Мужчина не стал отрицать. Он продолжал стоять, молча глядя на Уильяма.
— Ну сейчас ты не так дерзок, — ухмыльнулся Уильям. Было видно, что вся семья голодает. Похоже, день складывался очень удачно для того, чтобы свести счеты с теми, кто посмел оскорбить Уильяма Хамлея. — Есть хотите?

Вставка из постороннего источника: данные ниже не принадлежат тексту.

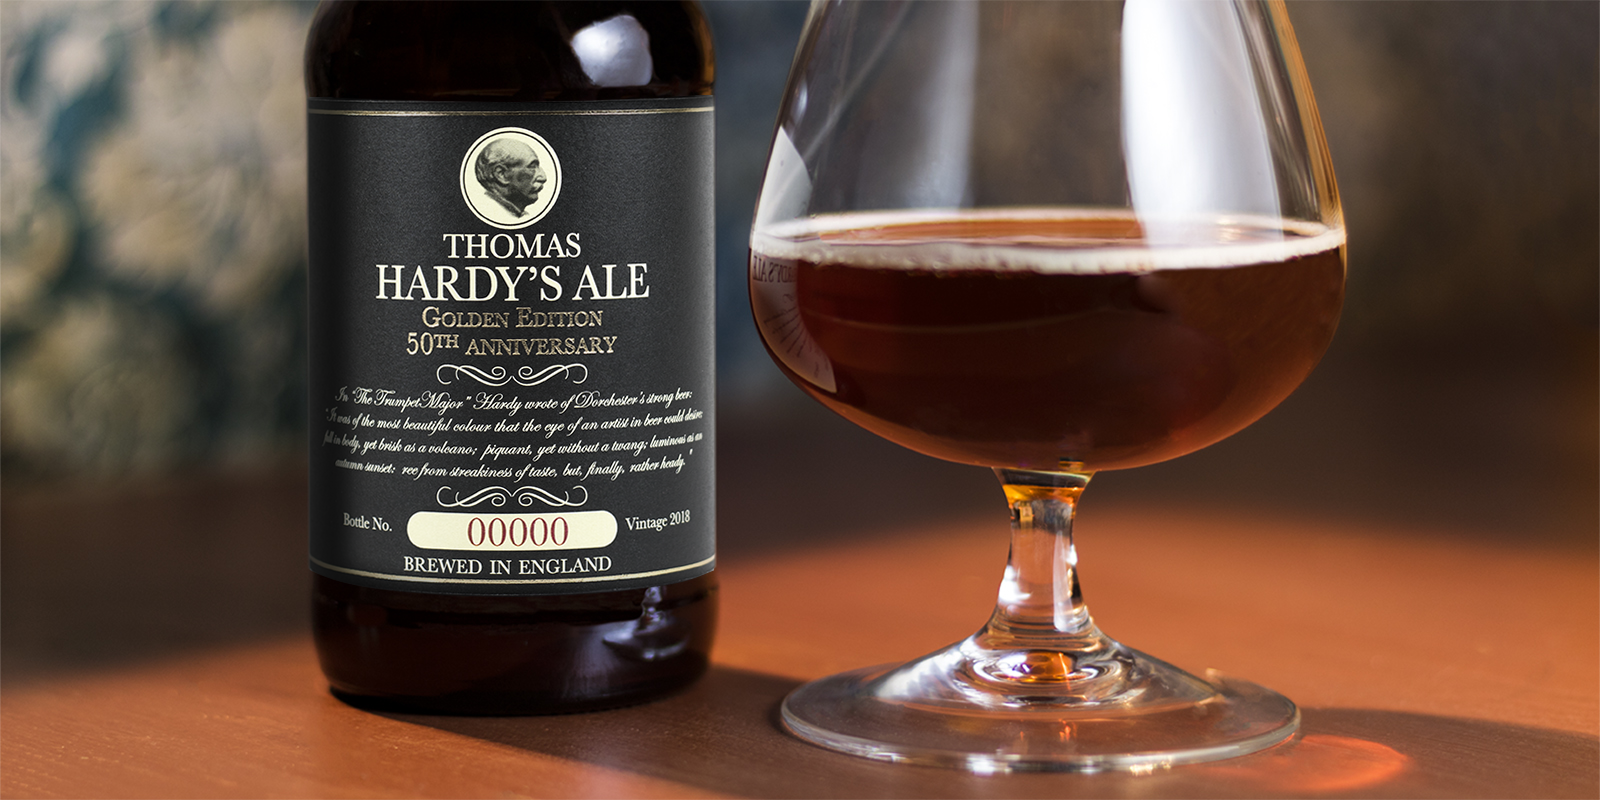 Thomas Hardy’s Ale is back home
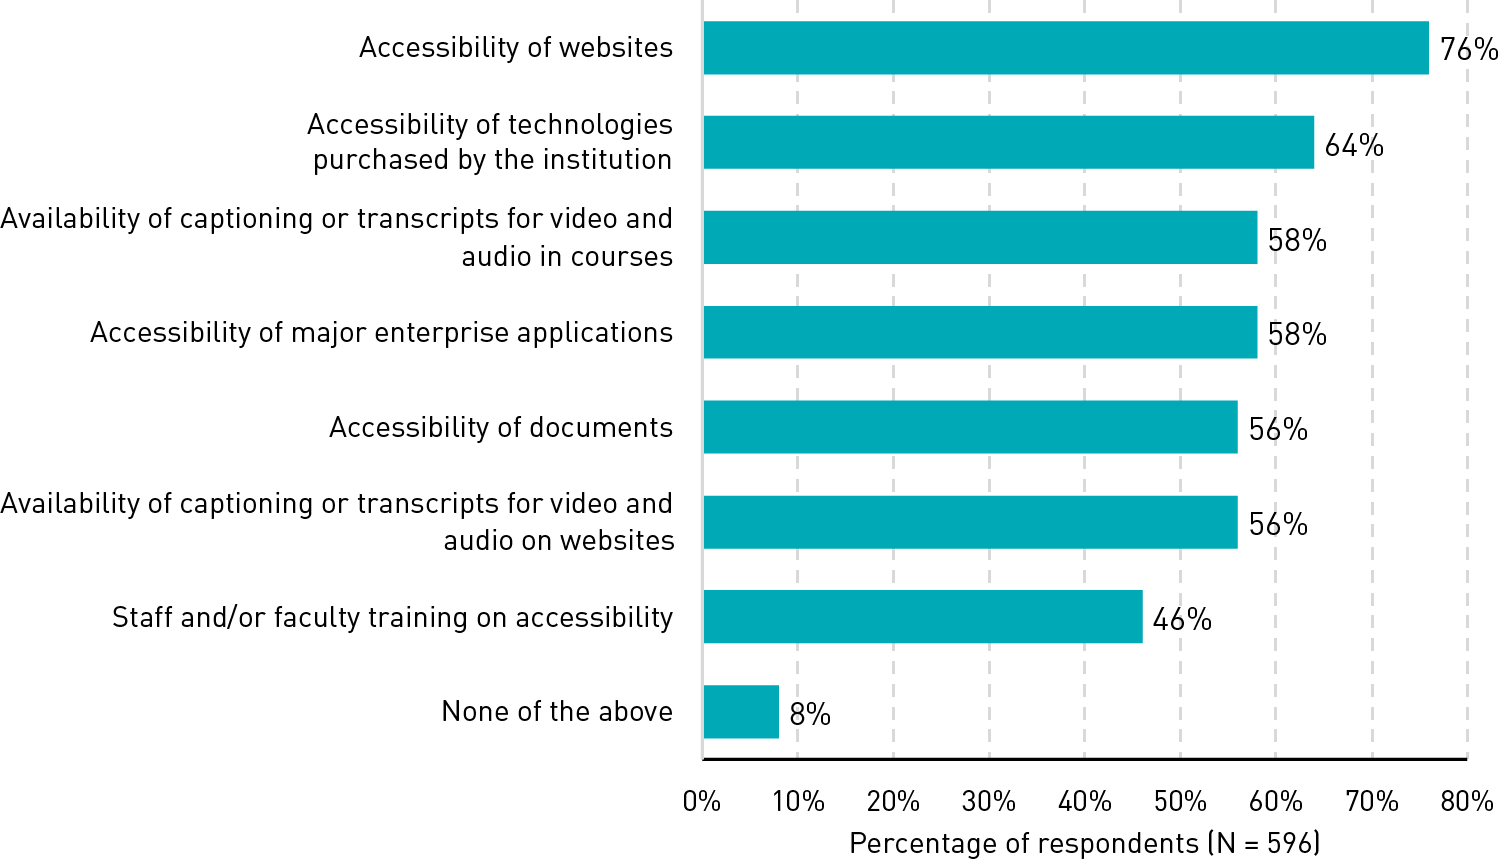 Bar chart showing the percentage of respondents who say their institution is regularly assessing and reporting on a list of accessibility supports: accessibility of websites (76%), accessibility of technologies purchased by the institution (64%), availability of captioning or transcripts for video and audio in courses (58%), accessibility of major enterprise applications (58%), accessibility of documents (56%), availability of captioning or transcripts for video and audio on websites (56%), staff and/or faculty training on accessibility (46%), and none of the above (8%).
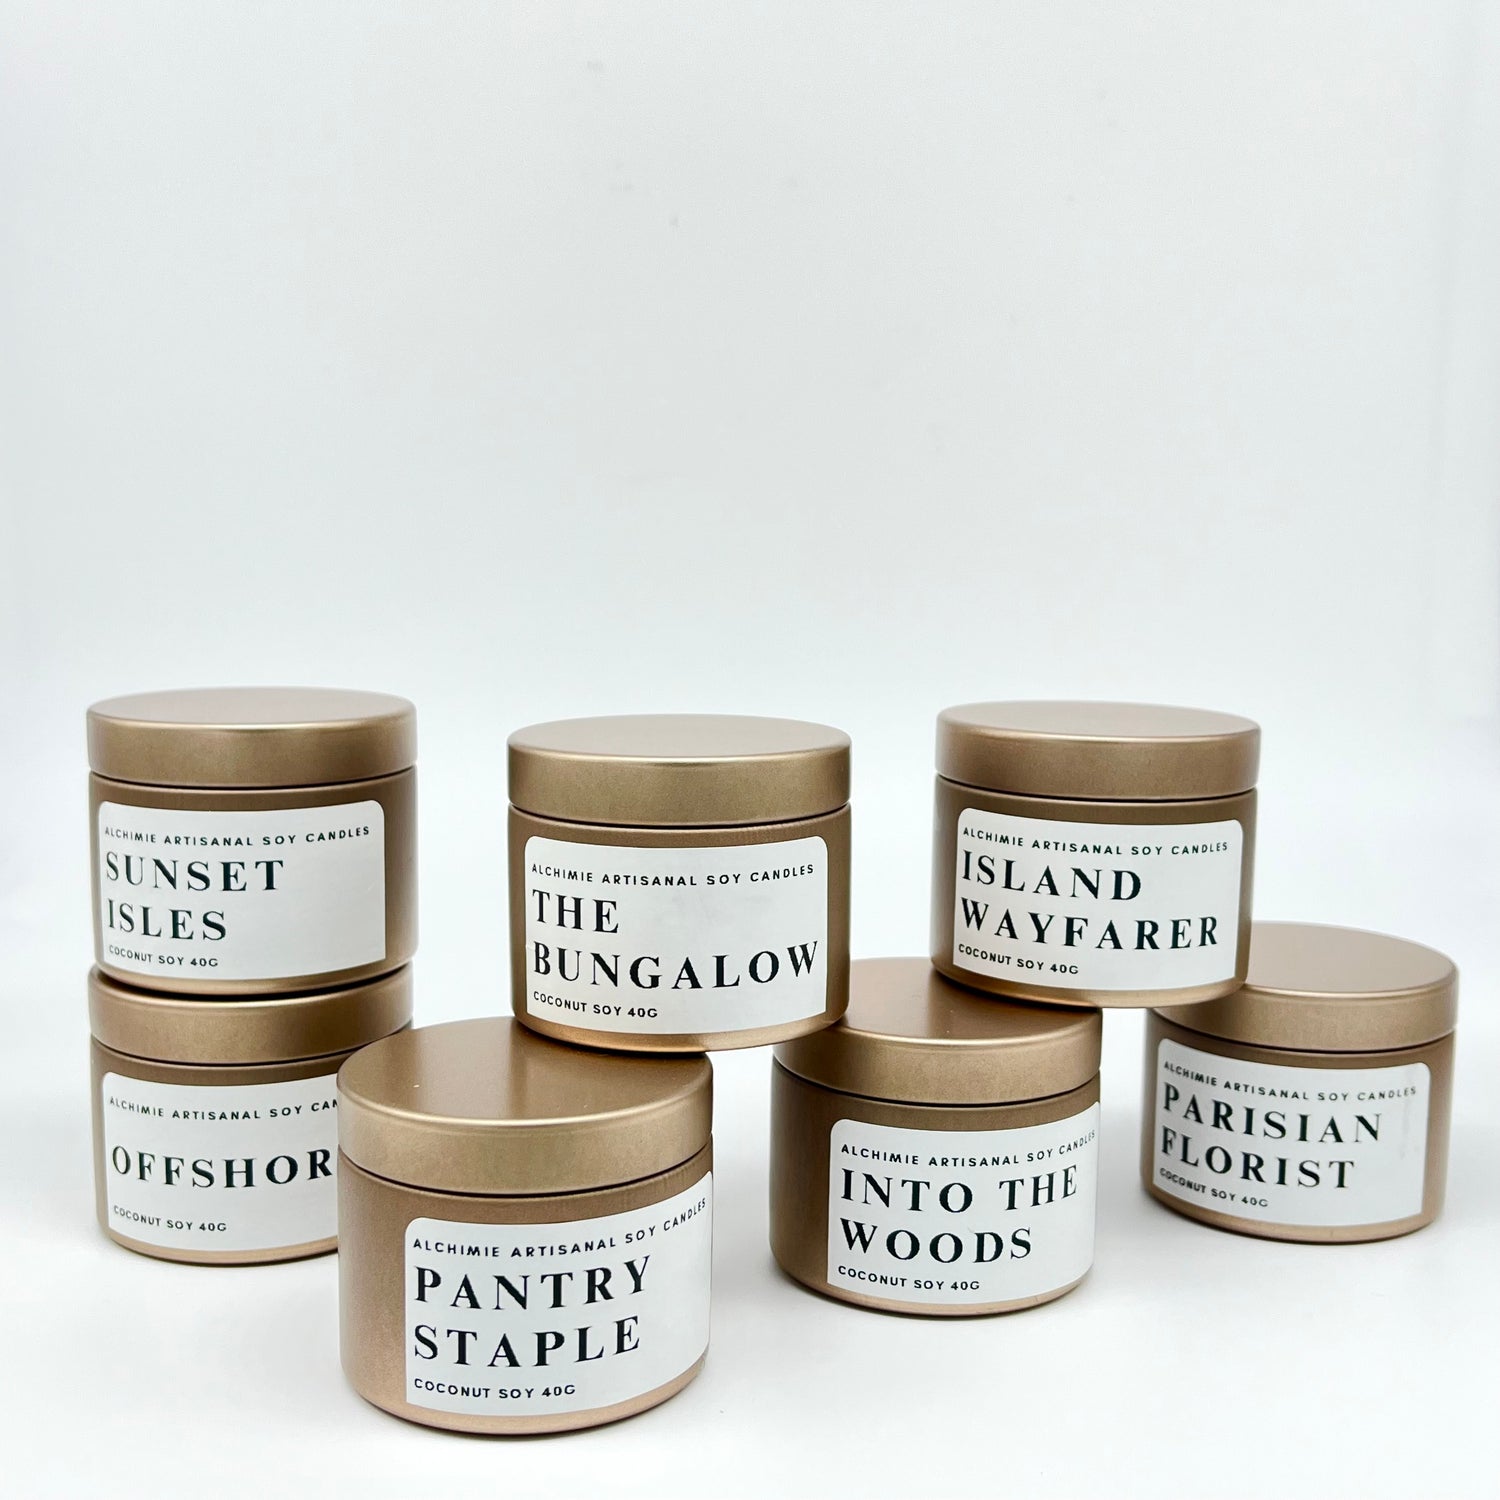 Alchimie-artisanal-soy-candles-the-discovery-collection-luxe-fragrances

— Хотим, — сердито буркнул строитель.
Уильям снова взглянул на женщину. Она стояла, слегка расставив ноги, и, гордо вздернув подбородок, бесстрашно смотрела ему прямо в глаза. Алина разожгла в нем желание, и теперь ему нужна была эта женщина, чтобы утолить свою похоть. Он был уверен, что уж она-то потешит его: будет извиваться и царапаться. Тем лучше.

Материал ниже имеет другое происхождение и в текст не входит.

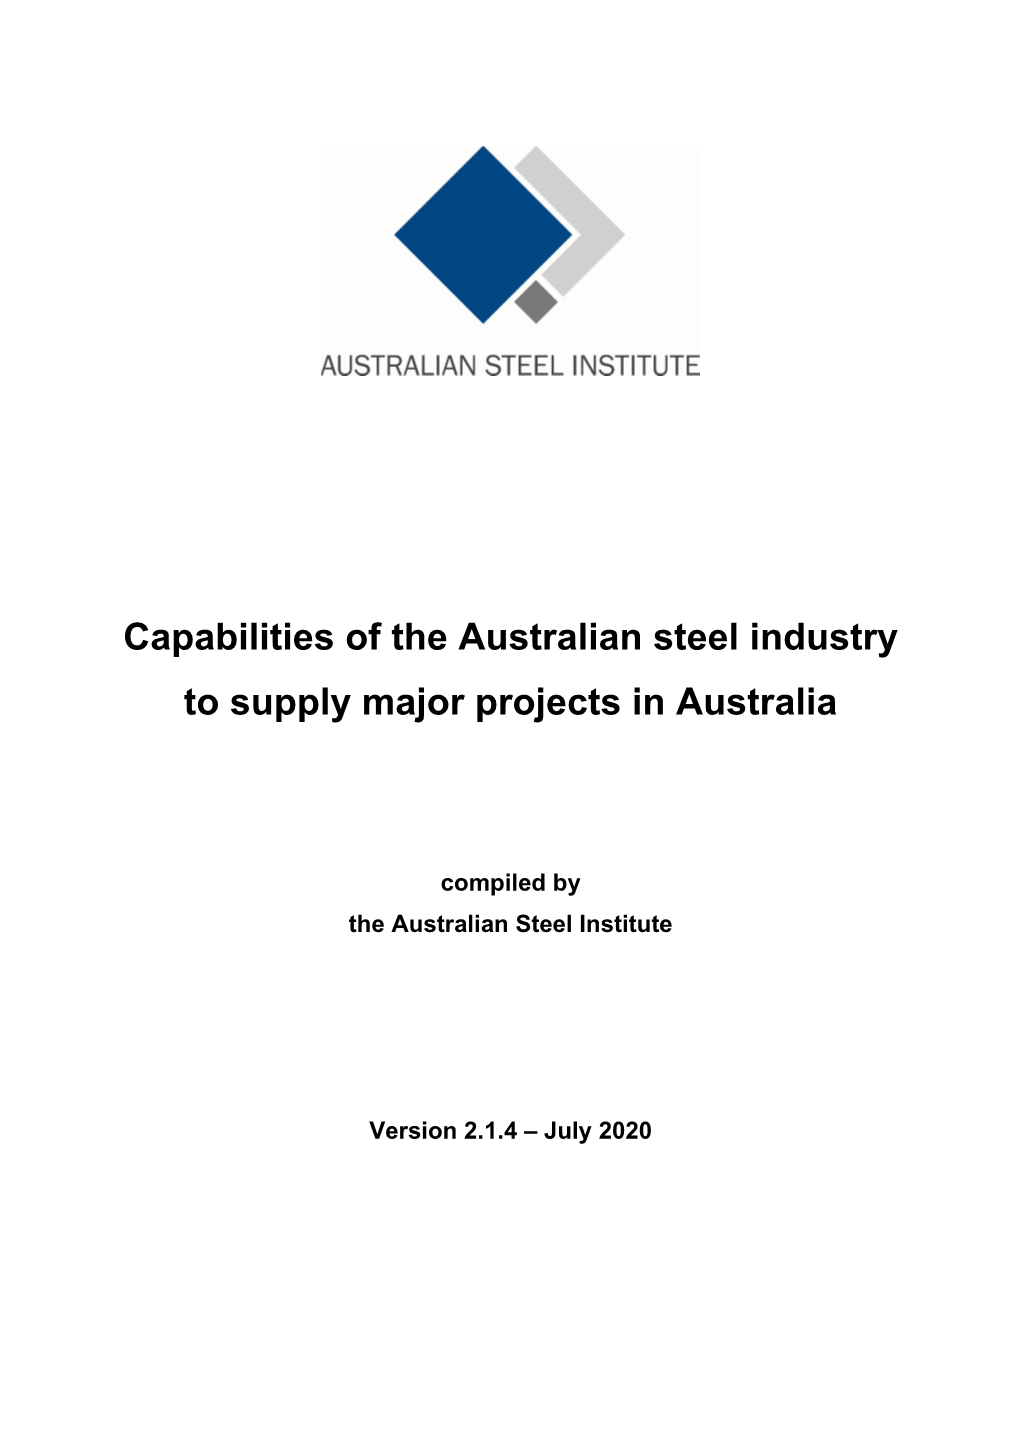 Capabilities of the Australian Steel Industry to Supply Major Projects in Australia

— Ведь ты не женат на этой девке, а, строитель? — сказал Уильям. — Я помню твою жену — уродливую корову.
Страдание исказило лицо строителя.
— Моя жена умерла.
— Ну а с этой ты в церковь не ходил, не так ли? Просто у тебя нет ни пенни, чтобы заплатить священнику. — За спиной Уильяма кашлянул Уолтер, кони нетерпеливо били копытами. — Предположим, я дам тебе денег на еду, — продолжал Уильям, дразня строителя.

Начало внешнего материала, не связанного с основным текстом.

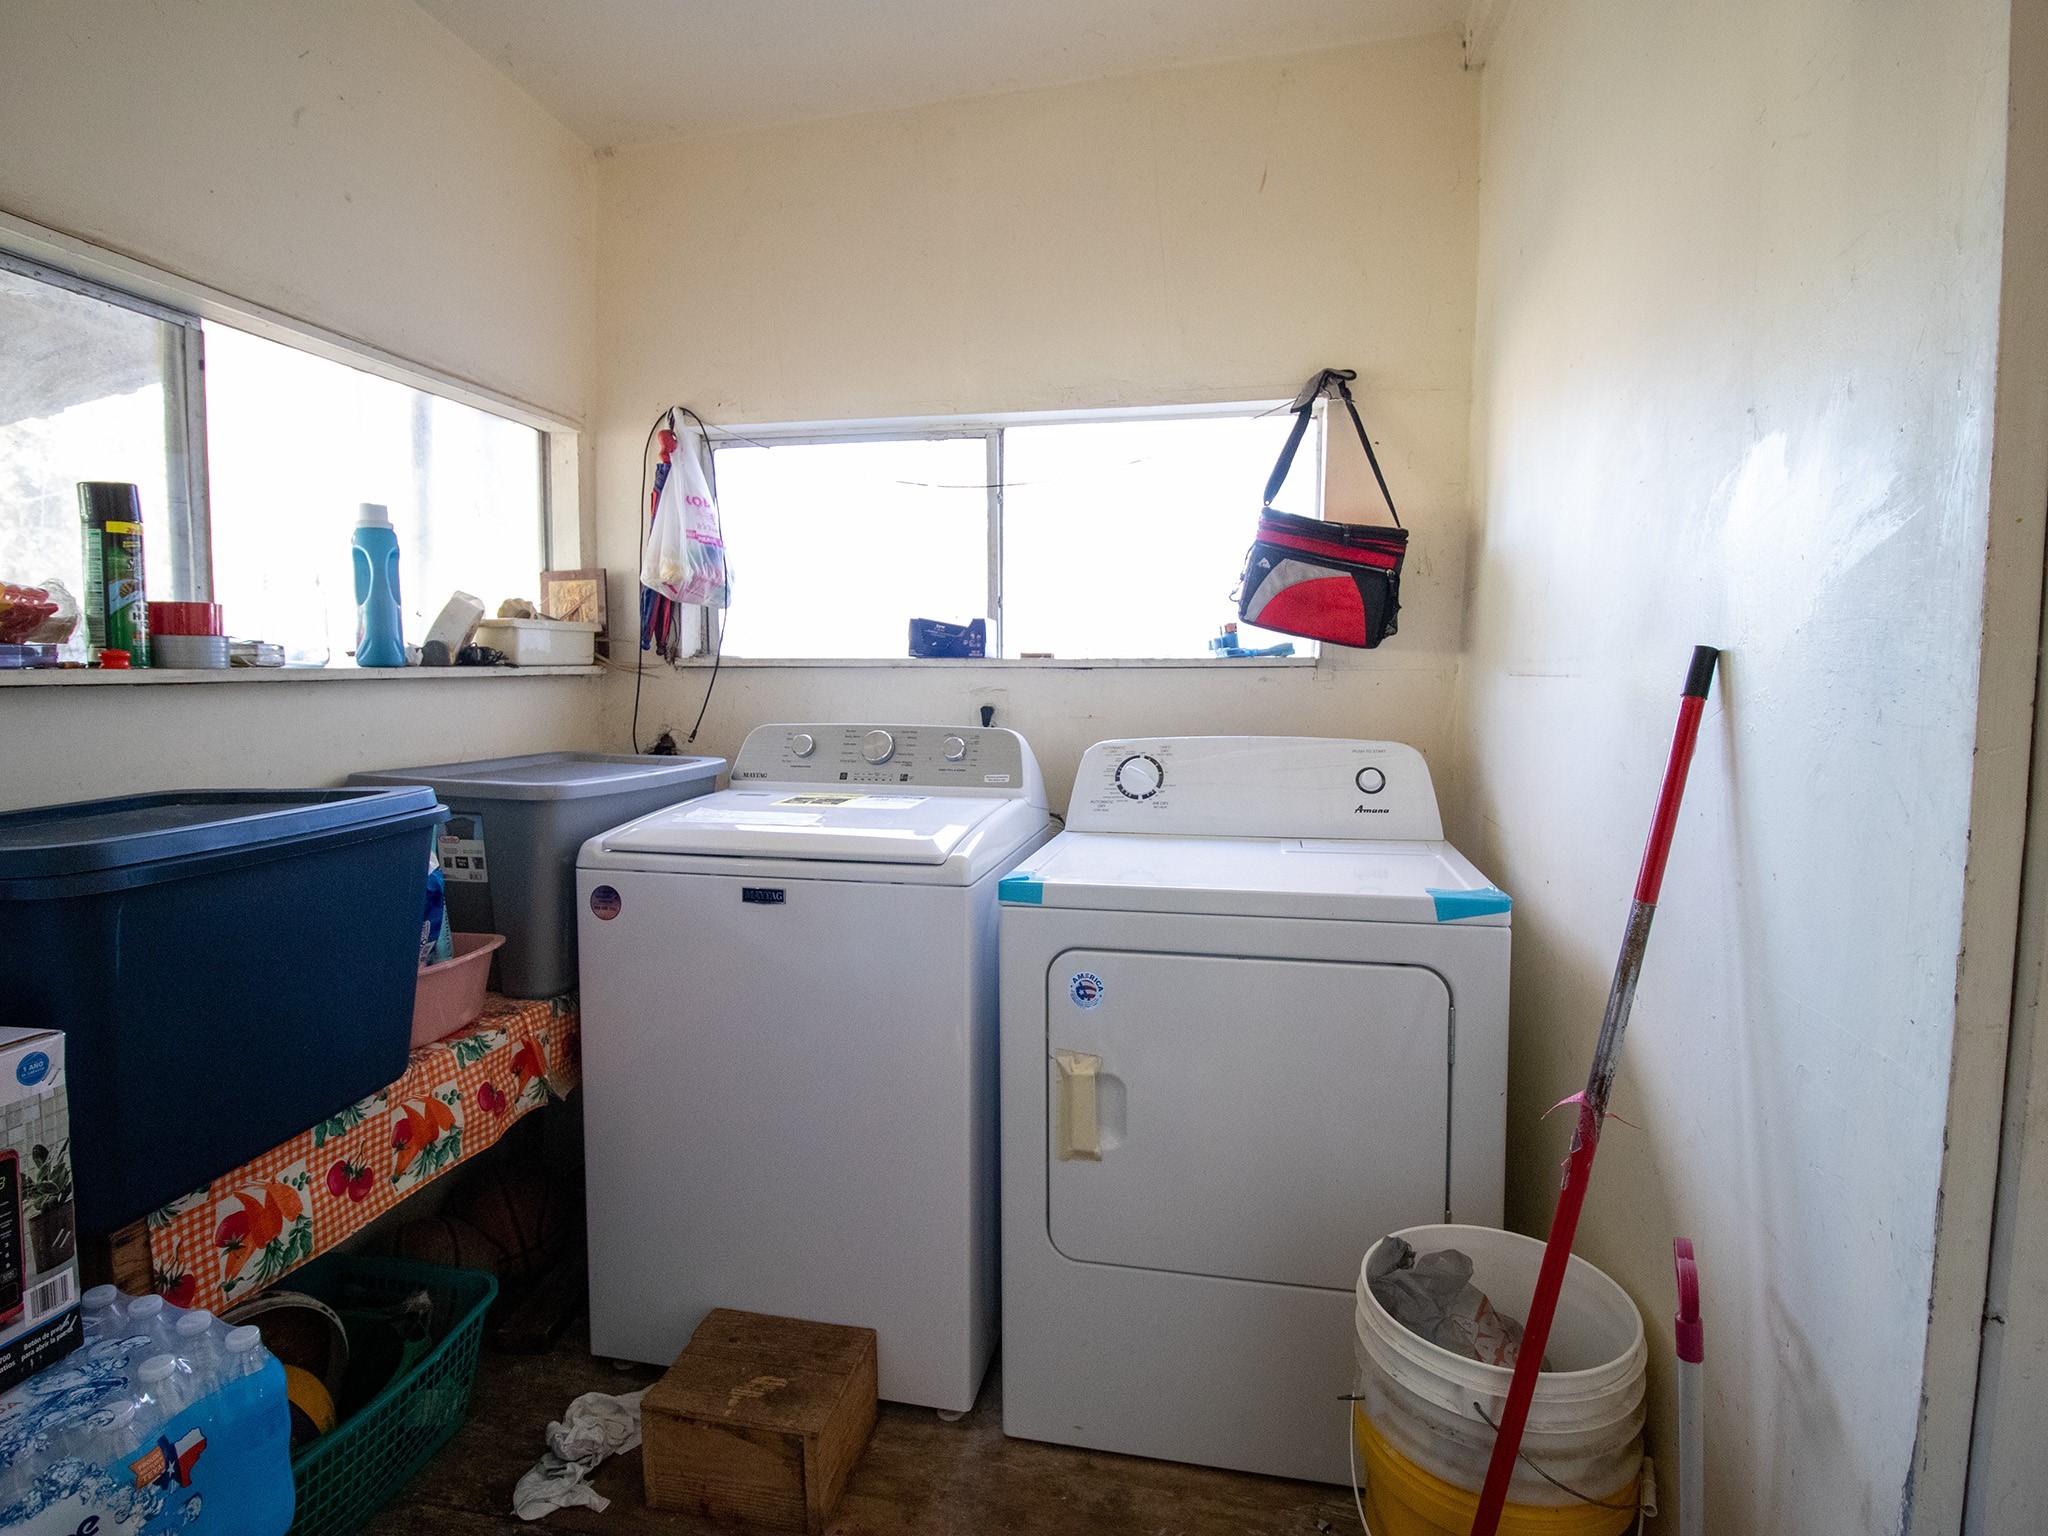 Laundry room located towards the back of the house.

— Я с благодарностью возьму их, — ответил мужчина, хотя Уильям видел, что такое раболепство дается ему с огромным трудом.
— Я говорю не о подарке. Я хочу купить твою женщину.
Но тут женщина заговорила сама:
— Мальчик, я не продаюсь.
Очевидное презрение, звучавшее в ее словах, разозлило Уильяма. «Когда мы останемся наедине, — подумал он, — я тебе покажу, кто я есть, мальчик или мужчина». Он повернулся к строителю:
— Я дам тебе за нее фунт серебром.
— Она не продается.
Злость Уильяма закипала все сильней. Какая глупость! Он предлагает голодному целое состояние, а тот отказывается!
— Если ты, дурак, не возьмешь деньги, — пригрозил он, — я просто разрублю тебя мечом и выебу ее на глазах у детей!
Рука строителя скользнула под плащ. «Должно быть, у него есть оружие, — мелькнуло в голове Уильяма. — Кроме того, он очень большой и, хоть тощий, как лезвие ножа, может устроить отчаянную драку, чтобы спасти свою бабу». Тем временем женщина распахнула свой плащ, и ее ладонь легла на рукоятку длиннющего кинжала, висевшего у нее на поясе. Юноша тоже был достаточно крупным, чтобы наделать неприятностей.
Тихим, но твердым голосом заговорил Уолтер:
— Господин, сейчас не время для этого.
Уильям неохотно кивнул. Он должен был доставить Жильбера в имение Хамлеев. Дело было слишком важным и не могло быть отложено ради ссоры из-за бабы. Придется потерпеть.
Он взглянул на эту небольшую семью из пяти оборванных, голодных людей, которые были готовы до конца сражаться с двумя здоровенными мужчинами, вооруженными мечами и сидящими на конях. Он не мог их понять.
— Ладно, тогда подыхай с голоду, — бросил Уильям и, пришпорив своего коня, рысью помчался прочь.
Когда они прошли около мили от того места, где произошла встреча с Уильямом Хамлеем, Эллен сказала:
— Может, пойдем помедленнее?
До Тома наконец дошло, что он идет, делая немыслимо гигантские шаги. Да, он испугался. В какой-то момент казалось, ему и Альфреду уже не избежать схватки с двумя вооруженными всадниками! А у Тома даже не было оружия. Ведь потянувшись к своему молотку, он с досадой вспомнил, что давным-давно выменял его на мешочек овса. Он не знал, почему Уильям в конце концов отступил, но ему хотелось убраться как можно дальше от того места, а то, не ровен час, молодой лорд еще передумает.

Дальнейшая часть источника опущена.